José Angel Vincench
Revolution with pebliscito (Diptych) / Revolución con pebliscito (Díptico)
Ironical Gold: José Ángel Vincenchʾs Conceptual Abstraction
By Donald Kuspit
What is one to make of the words that accompany Vincench’s abstractions, considering the fact that their over-all title is “The Burden of Words” Vincench’s abstractions are asymmetric, and the relationship of words to visual art is asymmetric—dare one say ironical?
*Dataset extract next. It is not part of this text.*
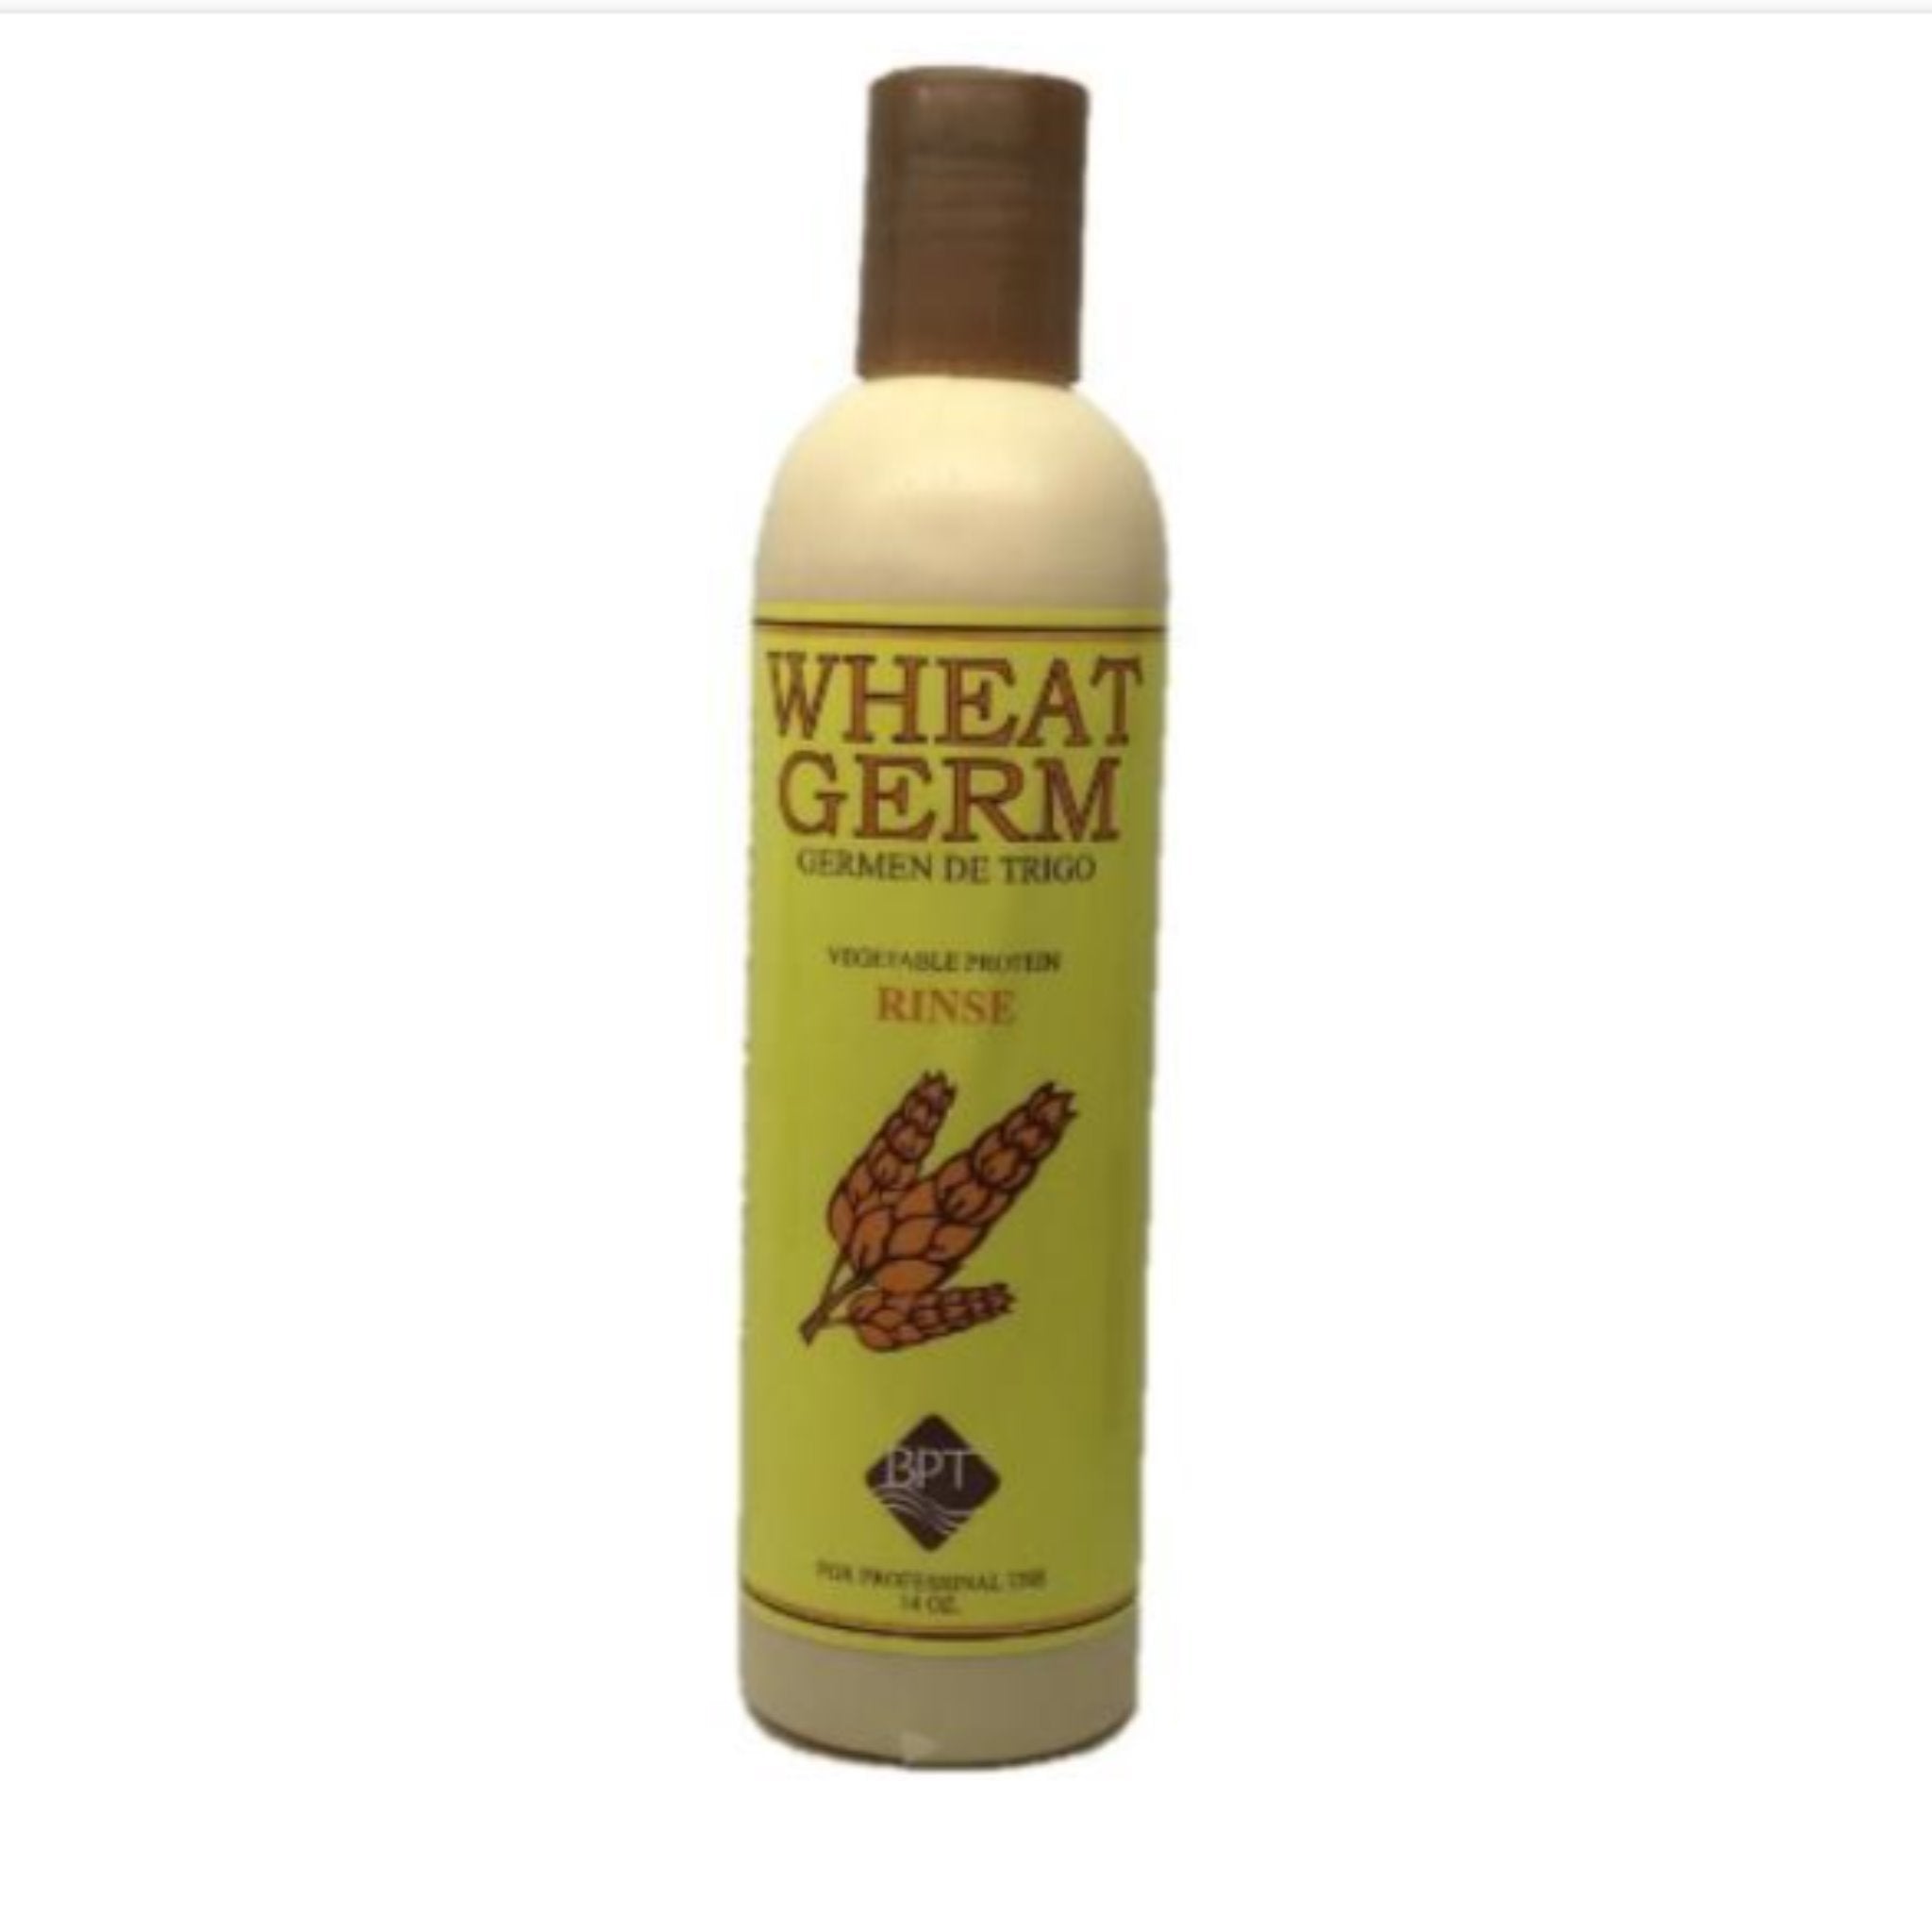 Lafier BPT Wheat Germ Rinse 14 oz

Their asymmetry reflects the asymmetry—absurdity, certainly contrariness--of Vincench’s situation in Cuba: an artist making abstract art implicitly critical of its authoritarianism doesn’t exactly fit into it, however tolerated he may be, even respected as an intriguing anomaly, that is, the proverbial and celebrated exception that proves the rule. If Vincench’s works are an abstract discourse about Cuba—abstraction as disguised discourse in order to protect the ideas implicitly invested in it, in order to evade censorship—then words such as “gusano” (worm) and “escoria” (slag or dregs, exileis exilio) explicitly refer to people and events in it. Vincench writes that “human and historical value” can be “summarized in a word,” suggesting that a particular word is not simply the signifier of a particular culture, but, more generally, has universal psychosocial meaning. Thus Vincench’s use of such words as change, autonomy, peace, pardon, and reconciliation. They are broadly idealistic in import--they allude to “social utopia,” as he writes, in contrast to the social dystopia that is Cuba--in contrast to gusano and escoria, which directly signify the harsh reality that is Cuba.